Narabayashi Chinzan (楢林鎮山)

Chinzan NARABAYASHI (January 26, 1649 - May 16, 1711) was a Dutch interpreter and a doctor in the early Edo period. His imina (personal name) was Tokitoshi, and Buddhist name was 栄休. He was commonly called Hikogoro, Shinemon, 新五兵衛 and 得生軒. He had a son, Eikyu NARABAYASHI.

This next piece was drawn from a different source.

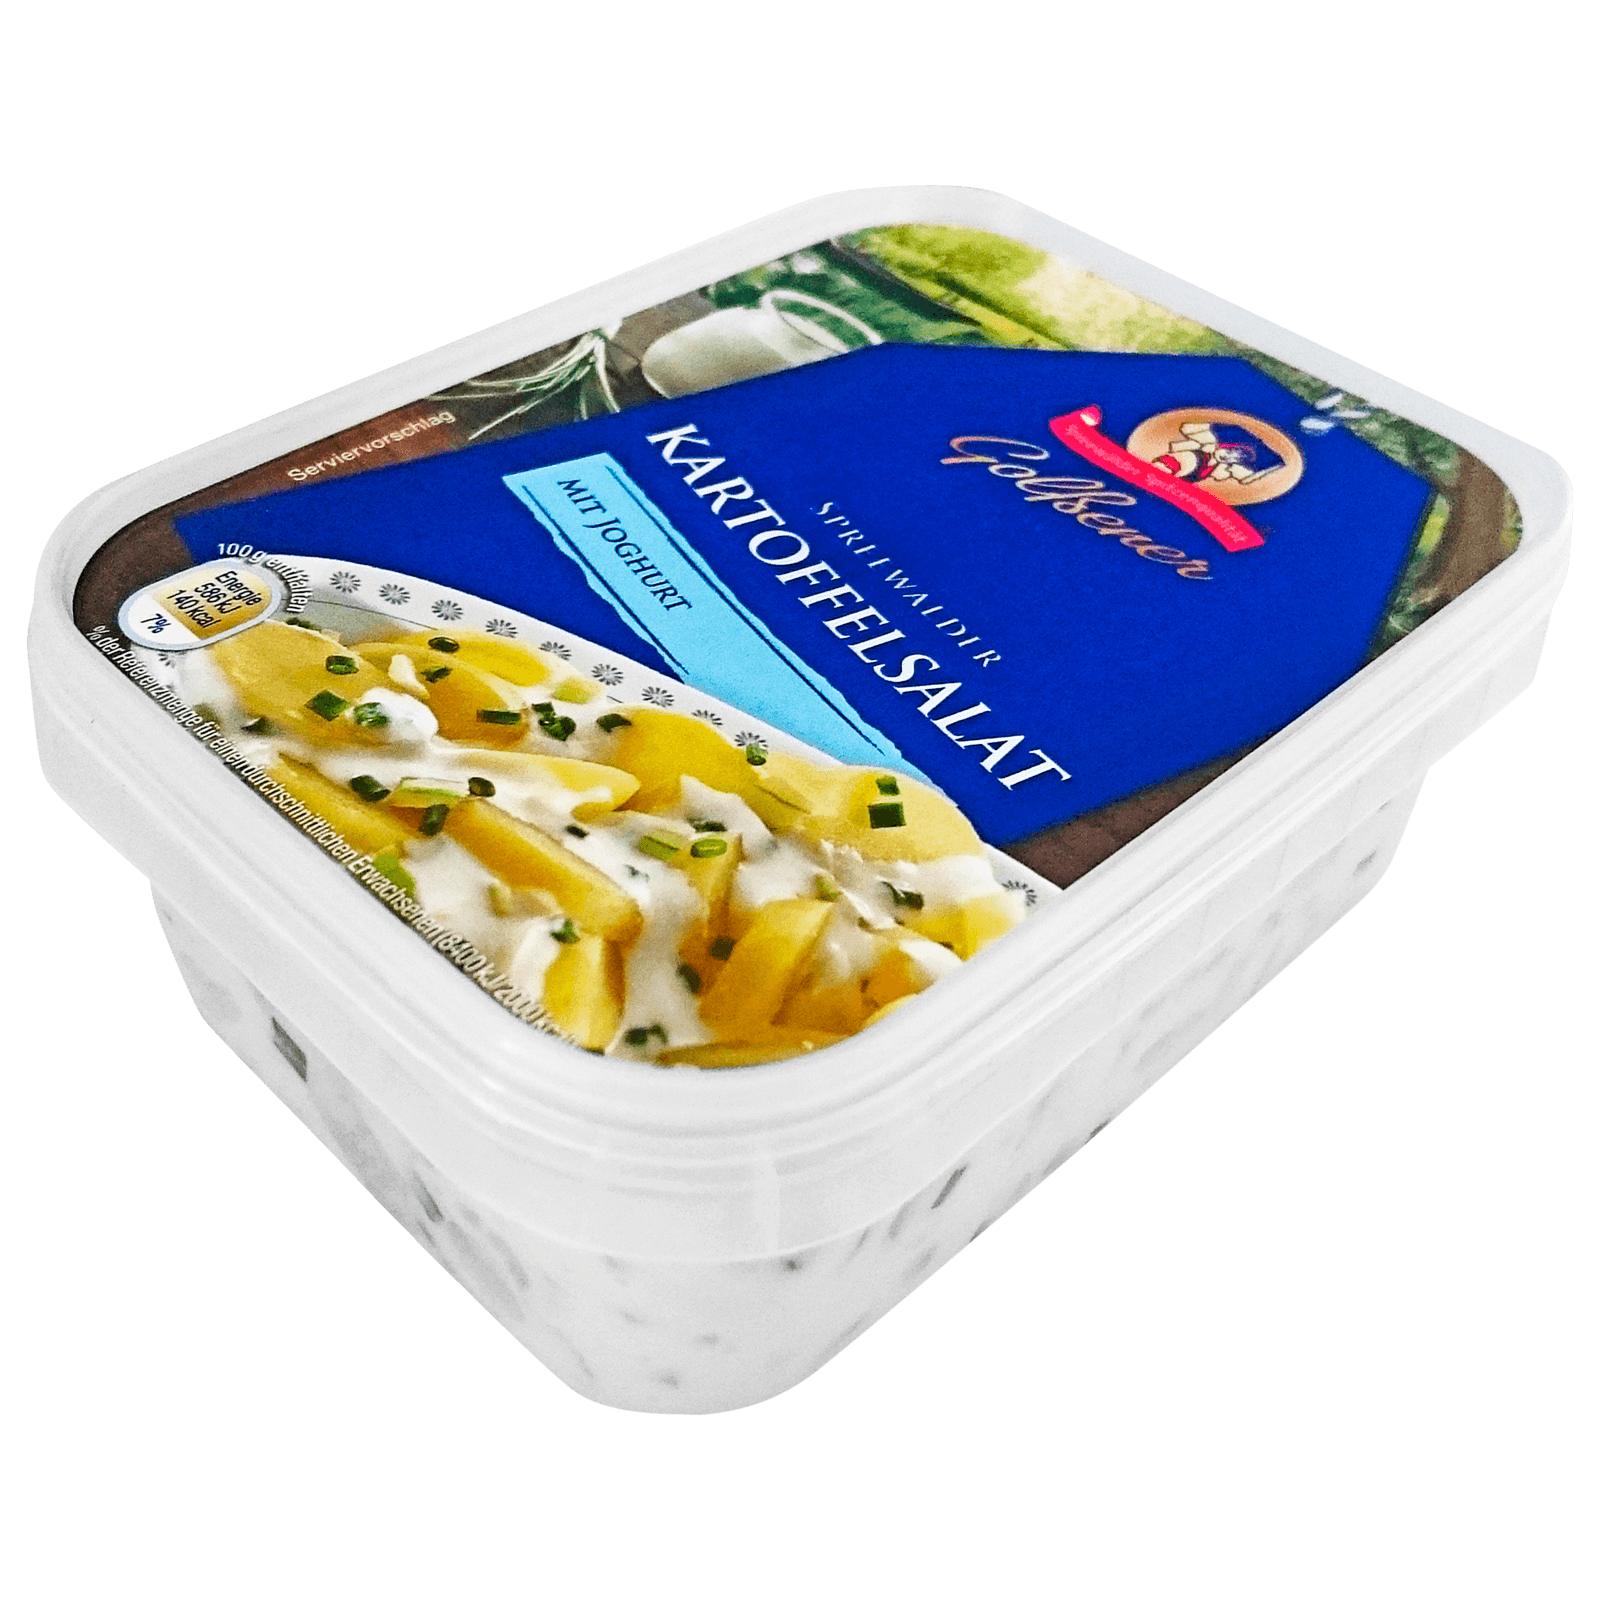 Golßener Spreewälder Kartoffelsalat mit Joghurt 200g bei REWE online ...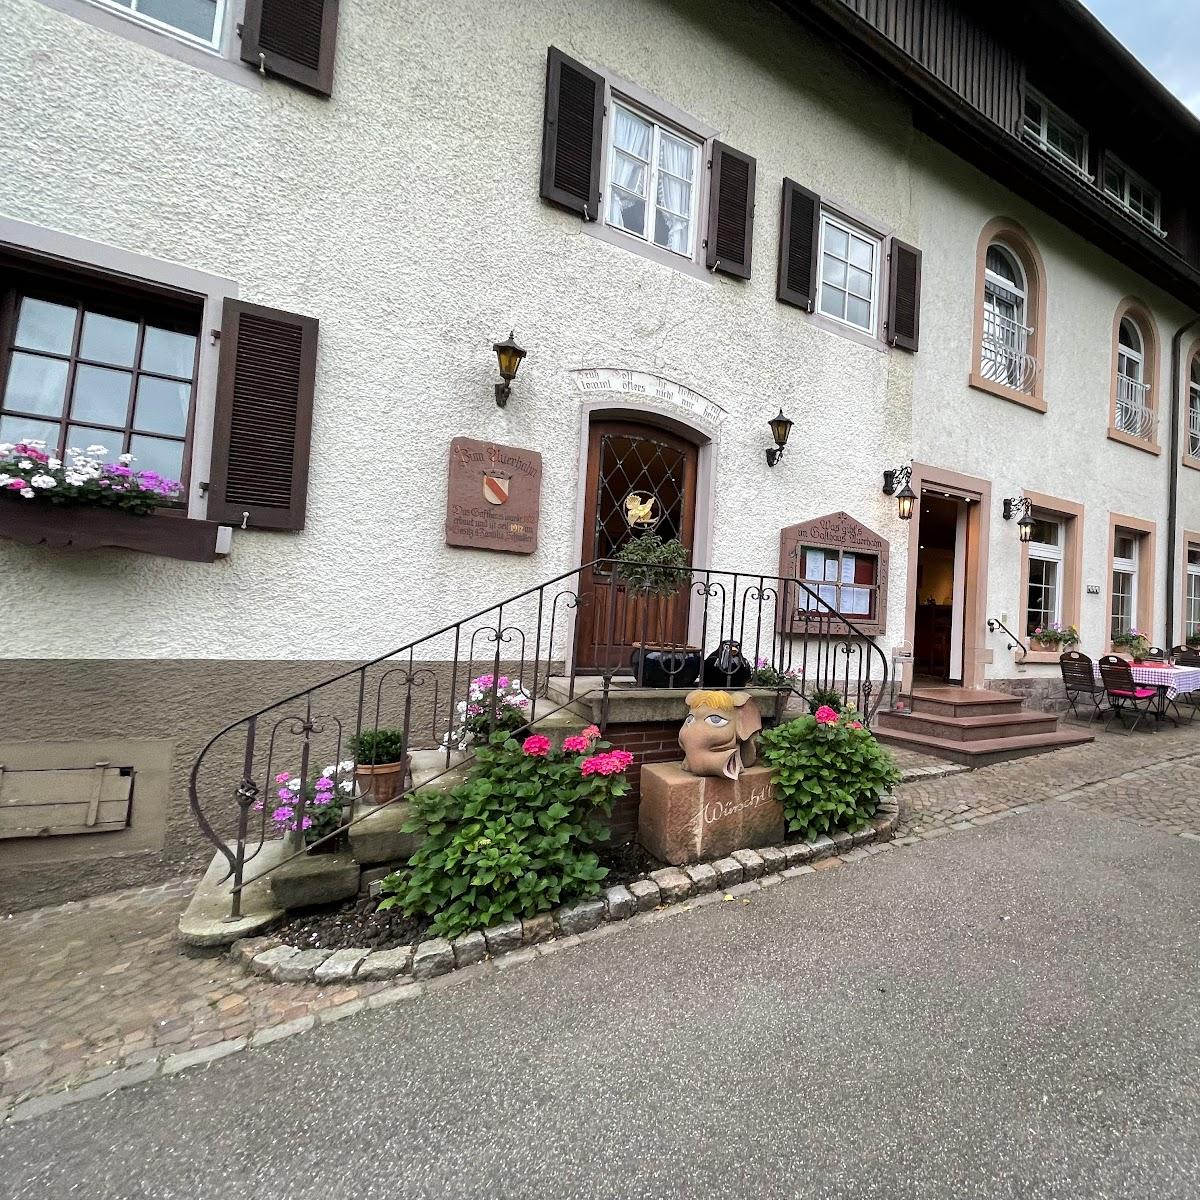 Restaurant "Gasthaus Auerhahn" in Baden-Baden

He was from Nagaski City. He started studying Dutch since 9 years old, and he passed the examination that was taken by 300 people who came in and out Dejima at the age of 19 and became assistant translator, and then became translator in chief at the age of 39. He accompanied the curator of Dutch trading house, the Kapitan, as a translator eight times when he visited Edo, in addition, he also joined the negotiation for major incidents including the Return Incident as a translator. And also, he learned Dutch medicine from the medical officer of the Dutch trading house. However, he was suddenly suspected of engaging in secret communication with the Dutch in October 30, 1698, and after he was sentenced to heiko (heiko is the same meaning as house confinement in samurai family), he was dismissed as a translator. After he was forgiven and became a priest, he opened medical practice as a doctor and educated disciples while seeing patients, and his descendant and disciples' school was referred to as "Narabayashi Ryu (school)". In 1706, he published "紅夷外科宗伝", which he translated into Japanese from a Dutch version of a book written by a French surgeon, Ambroise Paré, and Ekiken KAIBARA, who was famous as a scholar of herbalism and Neo-Confucianism, contributed a preface to this book. Seitaishogun (commander-in-chief of the expeditionary force against the barbarians, great, unifying leader) Tsunayoshi TOKUGAWA who heard Chinzan NARABAYASHI's reputation invited him in 1708, however Chinzan declined this on the ground that he was a criminal. In addition, Chinzan also declined the invitation by the Fukuoka Clan Tunamasa KURODA for the same reason.